Note: The length of the index and the degree of discrimination are a pair of contradictions. Generally, for string type data, the index with a length of 20 will have a degree of discrimination as high as 90% or more. You can use count(distinct left(column name, index length))/ The degree of discrimination of count(*) is determined.

4. [Mandatory] Page search is strictly prohibited left fuzzy or full fuzzy, if necessary, please use the search engine to solve it.

Note: The index file has the leftmost prefix matching feature of B-Tree. If the value on the left is not determined, this index cannot be used.

5. [Recommended] If there is an order by scene, please pay attention to the orderliness of the index. The last field of order by is part of the composite index and is placed at the end of the index combination order to avoid file_sort and affect query performance.

 正例:where a=? and b=? order by c; 索引:a_b_c 
 反例:索引中有范围查找,那么索引有序性无法利用,如:WHERE a>10 ORDER BY b; 索引a_b无法排序。

6. [Recommended] Use the covering index for query operations to avoid returning to the table.

Explanation: If a book needs to know the title of Chapter 11, will you turn to the page corresponding to Chapter 11? Just browse the catalog, this catalog serves as a covering index.

Positive example: There are three types of indexes that can be created: primary key index, unique index, and ordinary index. The covering index is just an effect of a query.

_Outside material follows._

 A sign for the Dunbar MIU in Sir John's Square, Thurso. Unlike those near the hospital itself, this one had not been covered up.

With the result of explain, the extra column will appear: using index.

7. [Recommended] Use delayed association or sub-query to optimize super-multi-page scenarios.

Note: MySQL does not skip the offset rows, but takes the offset+N rows, then returns the offset rows before giving up, and returns N rows. When the offset is particularly large, the efficiency is very low, or it controls the total number of pages returned. , Or perform SQL rewriting on the number of pages that exceed a certain threshold.

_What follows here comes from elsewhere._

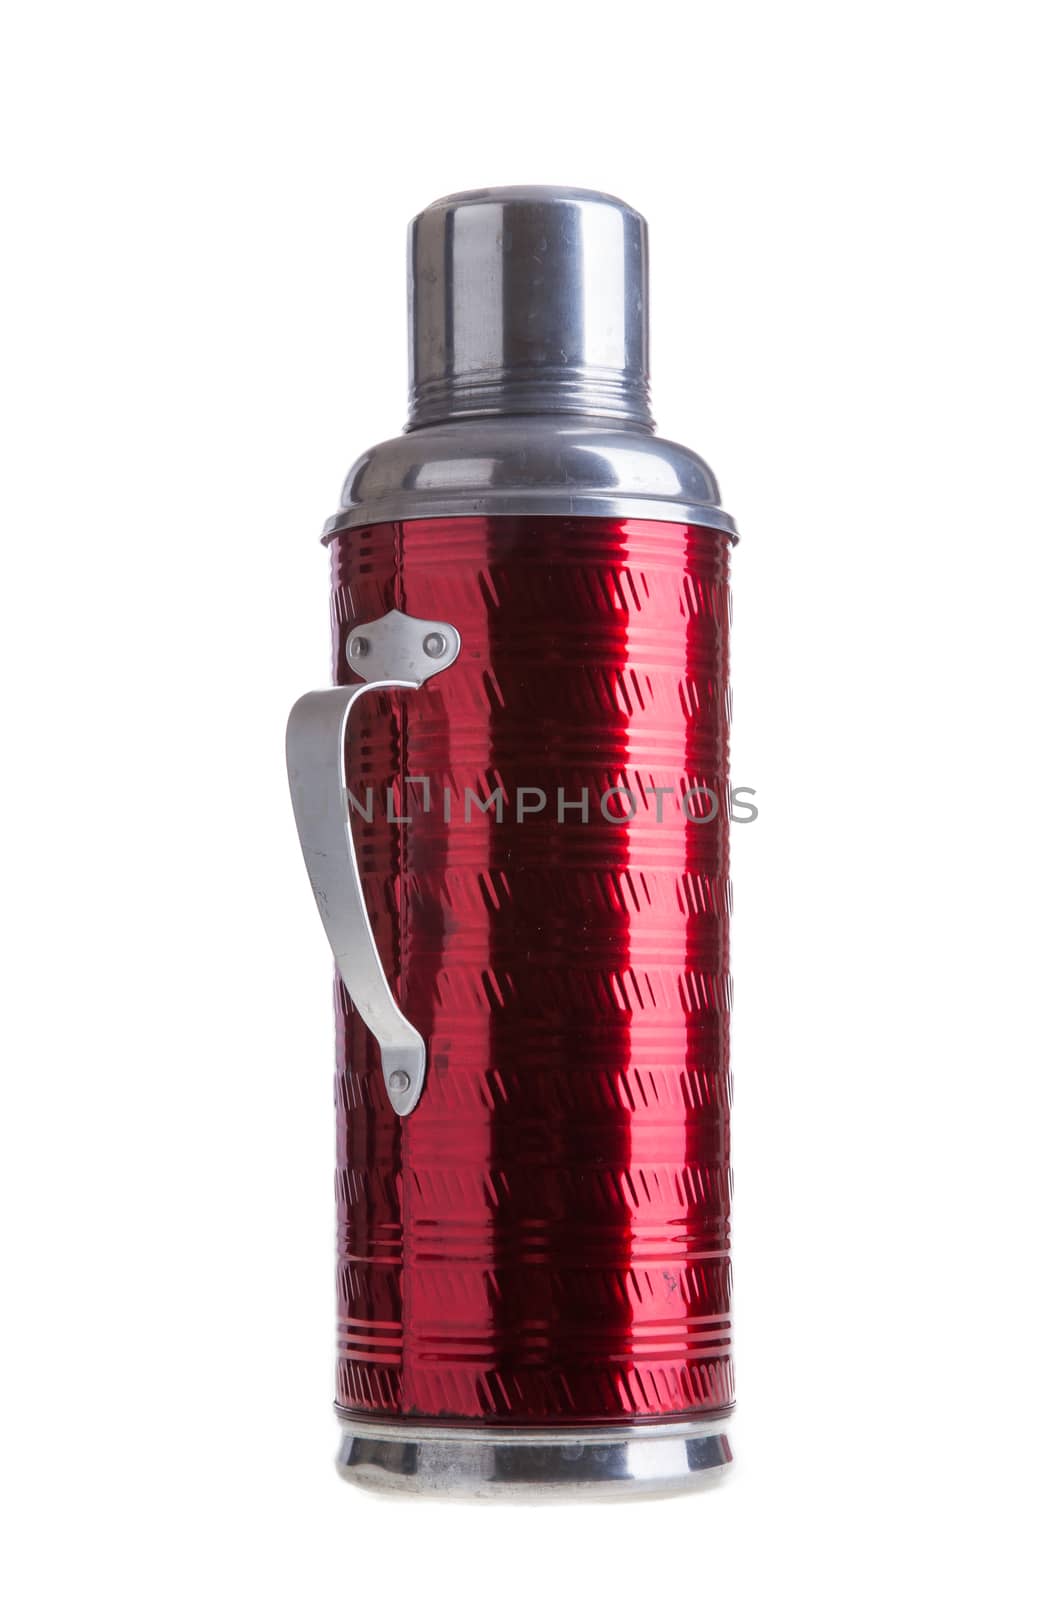 Thermo flask by tehcheesiong

Positive example: first quickly locate the id segment that needs to be obtained, and then associate: SELECT a.* FROM table 1 a, (select id from table 1 where condition LIMIT 100000,20) b where a.id=b.id

8. [Recommendation] The goal of SQL performance optimization: at least reach the range level, the requirement is the ref level, if it can be consts the best. Description:

1) There is at most one matching row (primary key or unique index) in a consts single table, and the data can be read during the optimization phase. 2) ref refers to the use of a normal index.

3) Range performs range search on the index. Counter-example: The result of the explain table, type=index, index physical file full scan, the speed is very slow, this index level is lower than the range, which is indistinguishable from the full table scan.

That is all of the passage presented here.